As an alternative method, a nitrogen removal method using an autotrophic denitrifying microorganism (hereinafter referred to as anammox microorganism) has been proposed. This method is a reaction in which ammonia becomes an electron donor and nitrous acid becomes an electron acceptor under anaerobic conditions, and it does not require supply of a large amount of oxygen (air) and addition of organic substances. Is the method. For example, Patent Document 1 proposes a method in which ammonia nitrogen is partially nitritized or nitrated and reacted with anammox microorganisms for denitrification. Further, Patent Document 2 discloses a method in which ammonia nitrogen is partially nitrified, organic substances are removed from a mixed solution obtained by mixing this with raw water containing ammonia nitrogen, and nitrogen is removed by contacting with anammox microorganisms. Are listed. Patent Document 3 describes a method for denitrification by controlling the nitritation rate of ammonia nitrogen to 55% or less in order to increase the denitrification efficiency of anammox microorganisms, and bringing this into contact with anammox microorganisms. Has been. Furthermore, Patent Document 4 describes a denitrification method in which an organic substance is removed by methane fermentation and then a nitritation step is performed to control the nitritation rate of ammoniacal nitrogen to 60%. In these methods, nitric acid is generated by anammox process _{^{(1NH 4 + + 1.32NO 2 -}} + 0.066HCO 3 - + 0.13H + → 1.02N 2 + 0.26NO 3 - + 0.066CH 2 O 0.5 N 0 _.15 + 2.03H ₂ O), organic substances such as methanol must be added to remove the generated nitric acid, and sludge is newly generated.

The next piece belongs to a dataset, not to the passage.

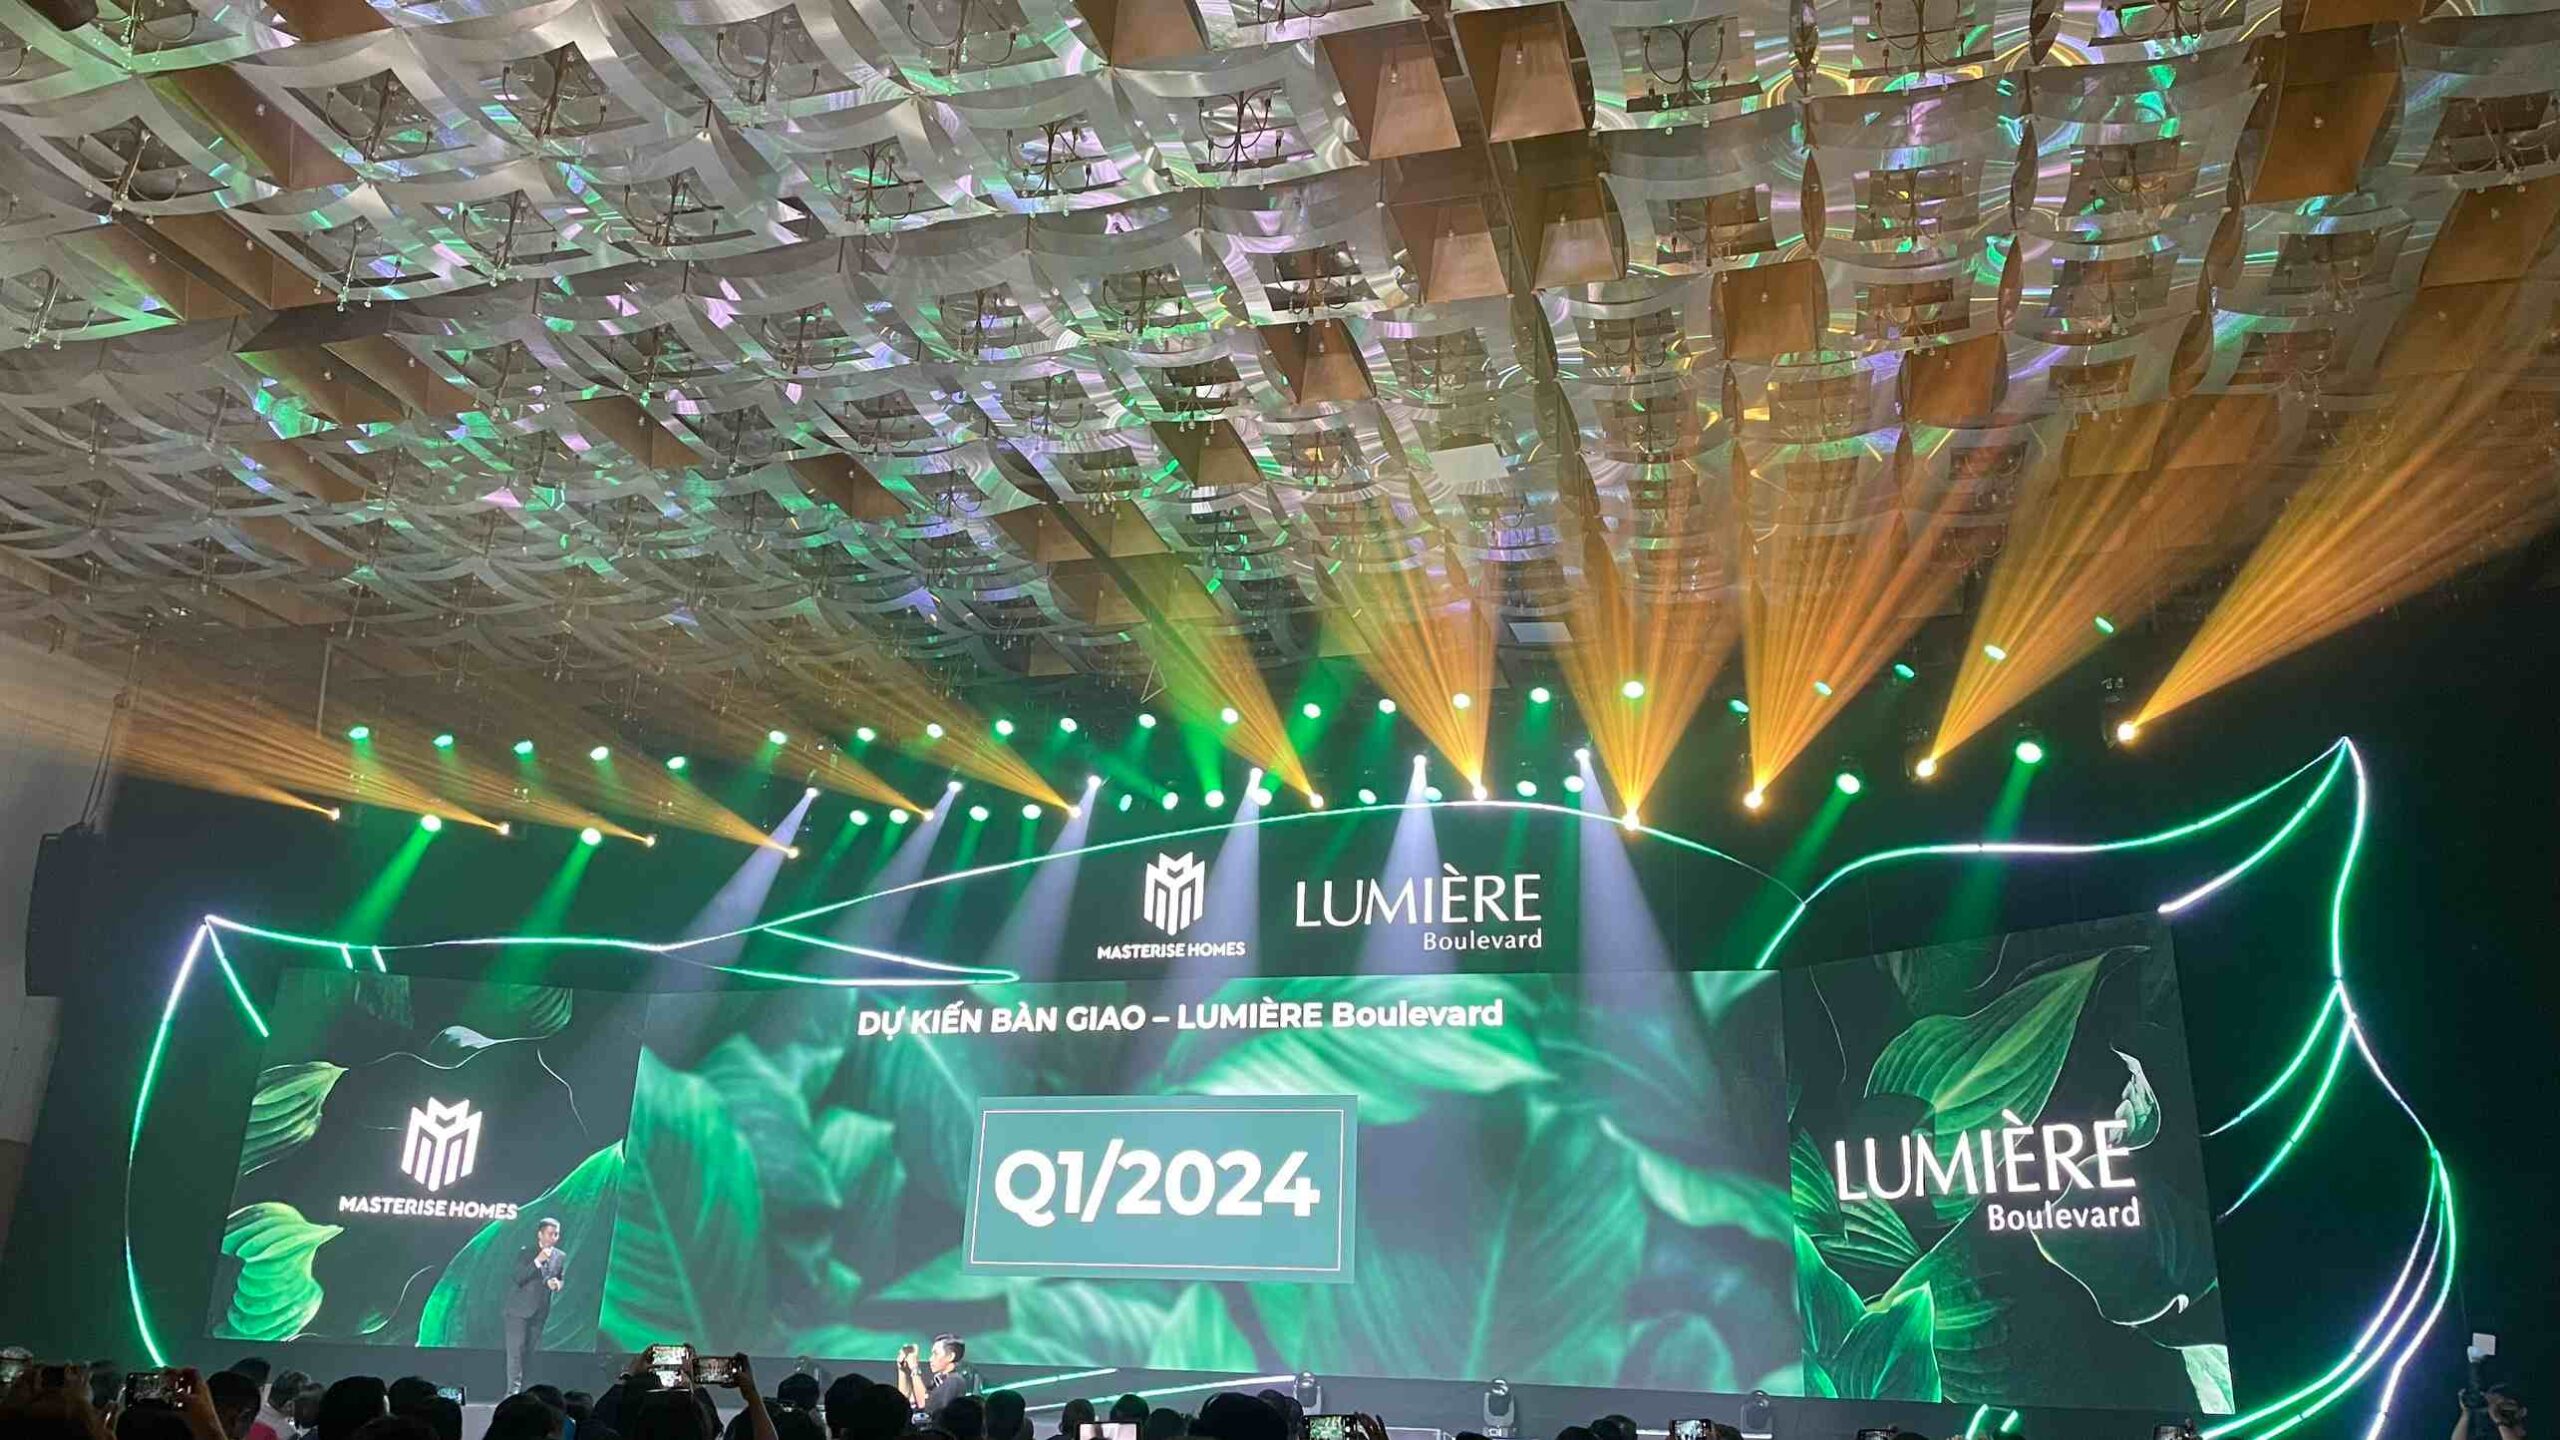 Launching ceremony of LUMIÈRE Boulevard project on May 27, 2022

Thus, in the conventional anammox treatment method, a part of ammonia in the wastewater is partially oxidized to nitrous acid using ammonia oxidizing bacteria in the nitritation tank (aerobic tank), and then the anammox treatment tank (anaerobic) In the tank), anammox bacteria are used, and ammonia is anaerobically oxidized with nitrous acid and treated in the form of nitrogen gas (see FIG. 1). However, in these methods, it is difficult to control the ratio of nitrous acid and ammonia to around the theoretical value of nitrous acid / ammonia = 1.32, and nitrous acid or ammonia remains in the anammox-treated water. Moreover, since a part of nitric acid is produced by the anammox treatment, it is difficult to increase the denitrification rate.
JP-A-8-192185 Japanese Patent Laid-Open No. 2001-104992 JP 2003-33784 A JP 2005-74253 A

  An object of this invention is to provide the method of removing a nitrogen component efficiently and simply from the waste_water | drain containing ammonia nitrogen.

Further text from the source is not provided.